Tuesday, December 8, 2015

Random Thoughts 1207

Sometimes, when I have a translation in front of me that's been "checked" by a co-worker and they are looking at me, I want to just throw it down and say, "I really don't care."

This sentiment is probably shared by millions of working people, so I know I'm not alone. 

I feel frustrated with my inability to explain written and spoken English grammar. I also am frustrated with my writing. It wasn't until after I graduated university and moved to Japan that my mom told me she thought I wrote well. Throughout school I remember hearing, "What is this? This is something a retarded kindergartner would write, not a seventh grader." Or something in a similar vein. Similarly, grammar wasn't exactly a subject in school. We learned of verbs and adjectives...conjunction junctions and their functions, but anything more than that makes my eyes gloss over.
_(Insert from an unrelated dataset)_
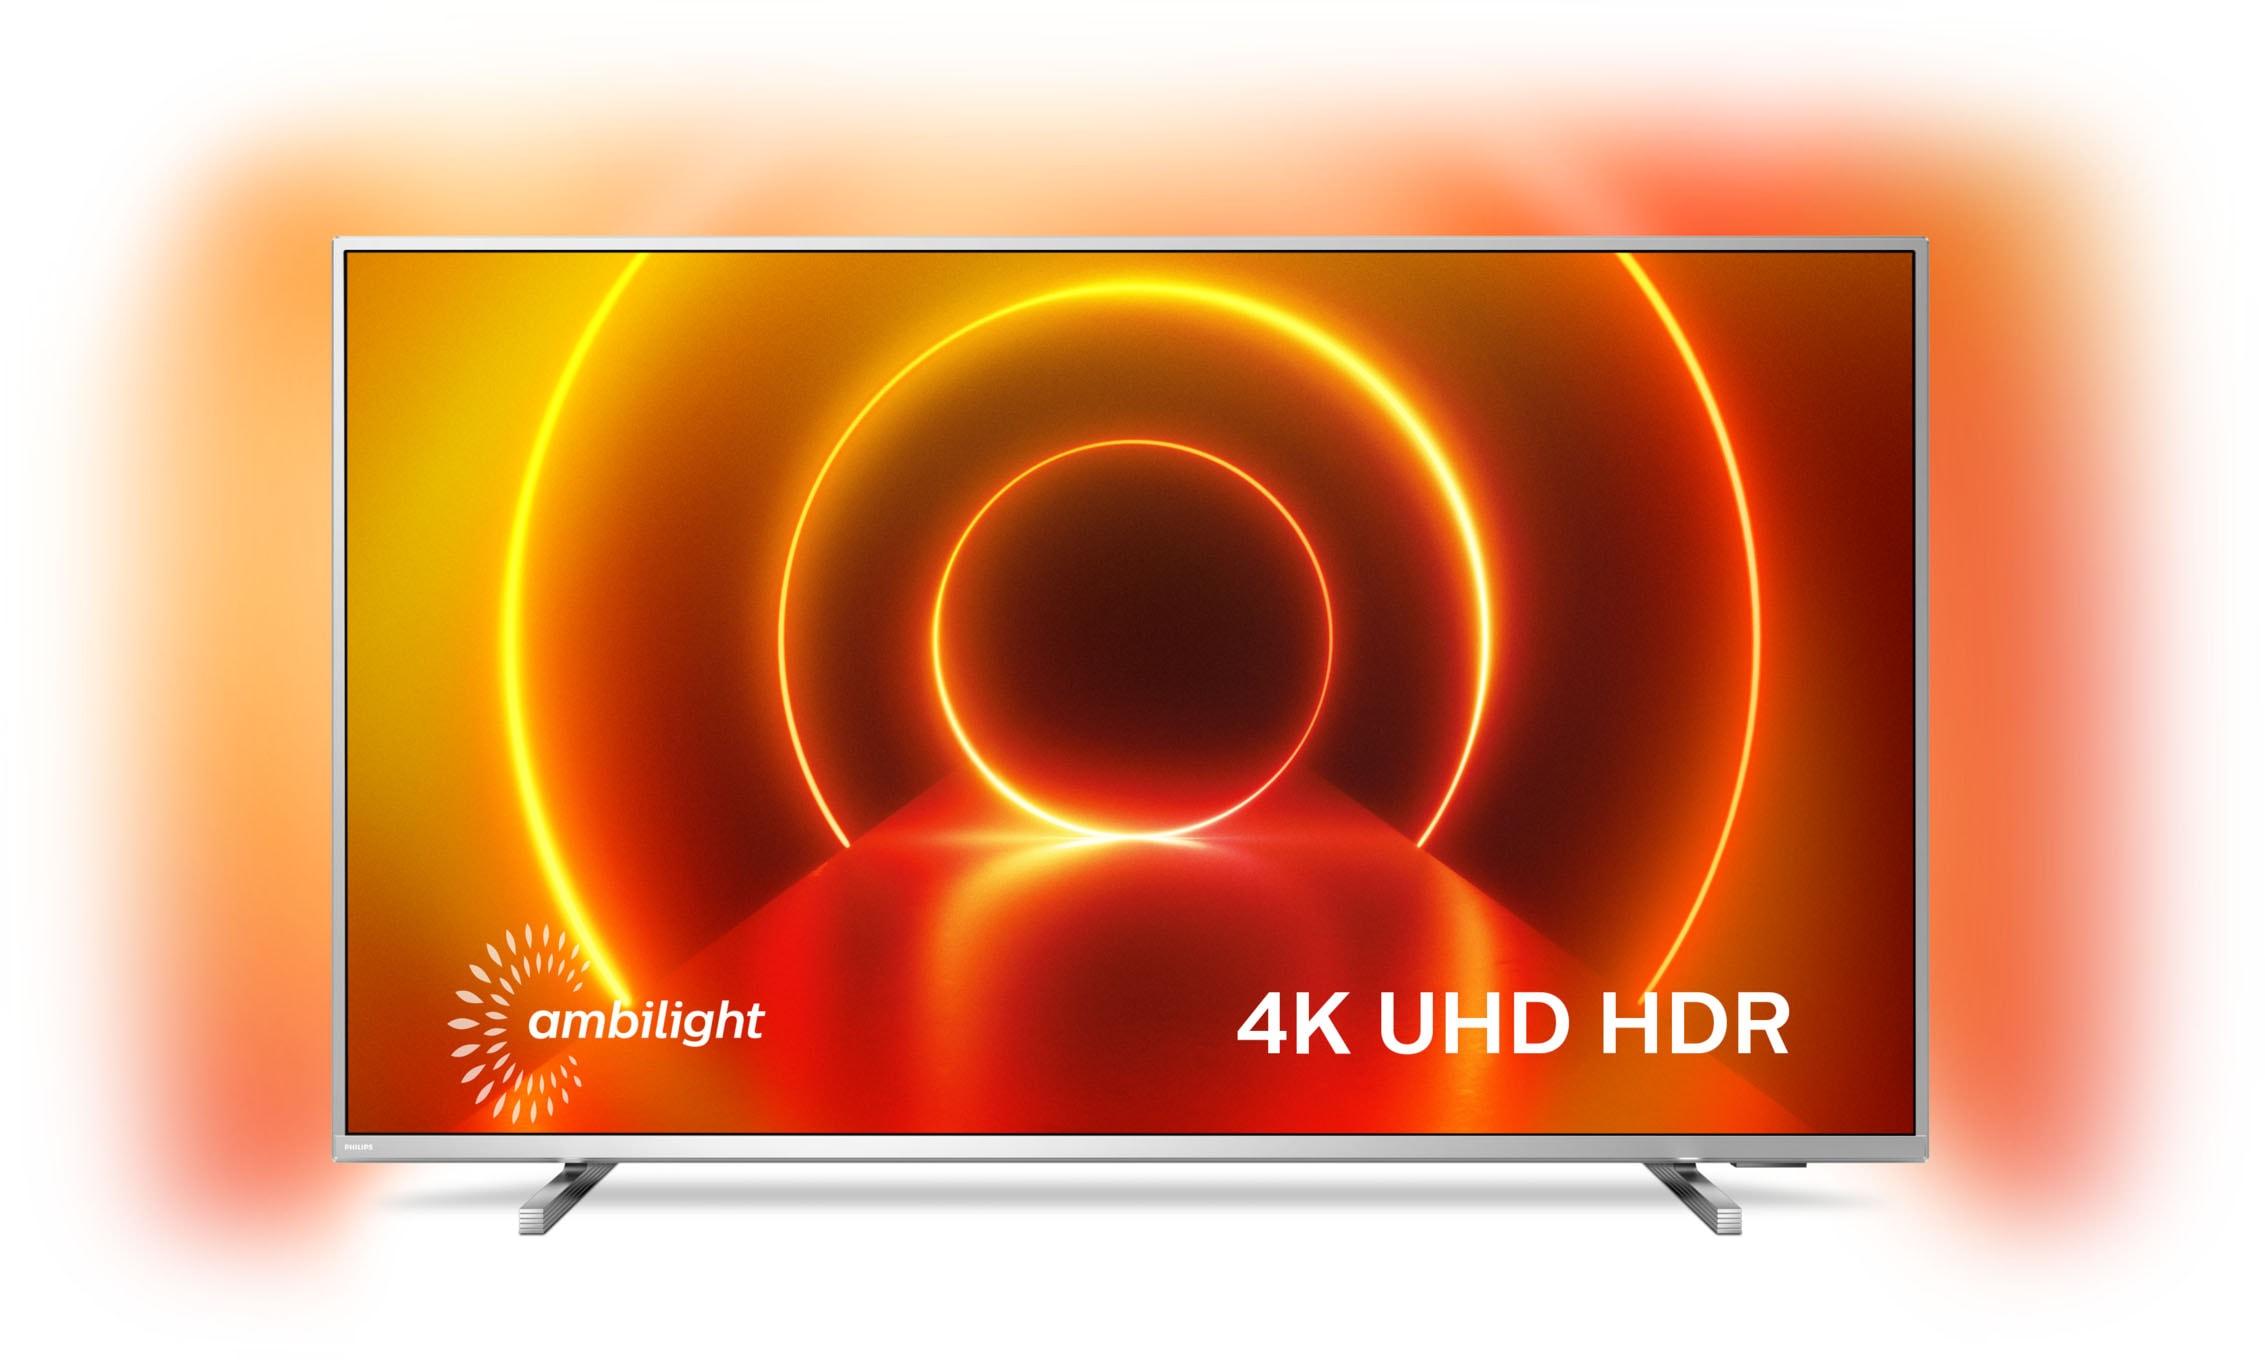 Philips LED-Fernseher 43PUS8105 12 , 108 cm 43 , 4K Ultra HD, Smart-TV, 3-seitiges Ambilght

However working in translation with Japanese people means I must...need to learn how to explain grammatical concepts to them in the way that they understand. Usually I turn to a writing manual I bought in my first year of university; I search for the grammar point and kind of shove it in their faces.

Sometimes that works.

Many times I'm told that my understanding of the Japanese is wrong and that X is the subject, not Y. In these cases, I find myself up against something I often encountered in elementary school. You know when you turn in your first draft paper and the teacher rewrites some of your sentences? Your teacher keeps your ideas, but uses more sophisticated writing to make everything cleaner. 

Well...it's like the opposite of that. I would write, "In response, the minister spoke about the importance of the project." I then get a rewrite back that goes, "The minister said, 'This project is important,' in response to the CEO." My coworker would say something about how "the minister" is the subject, so that should come first, the quote is a direct quote in the original Japanese, so we must keep it the same in English and finally something about how my English was "off."



So, I change it. I prefer what I wrote 9 times out of 10. However, if that's what they want, and it makes sense, I'll keep it. But, I really want to tell them "fuck it." A lot of what I translate will never been seen by anyone other than Google's bots. 

What annoys me, what really rubs me the wrong way, is how often I have to hear, "This English doesn't make sense." I do not have time to comb through hundreds of years of English-language evolution and grammar to explain why, "We would be really happy if you can come to our humble event," may be grammatically "correct" but "wrong" for everything. Trust me when I say it sounds weird. Trust me even more if you have never lived in an English-speaking country.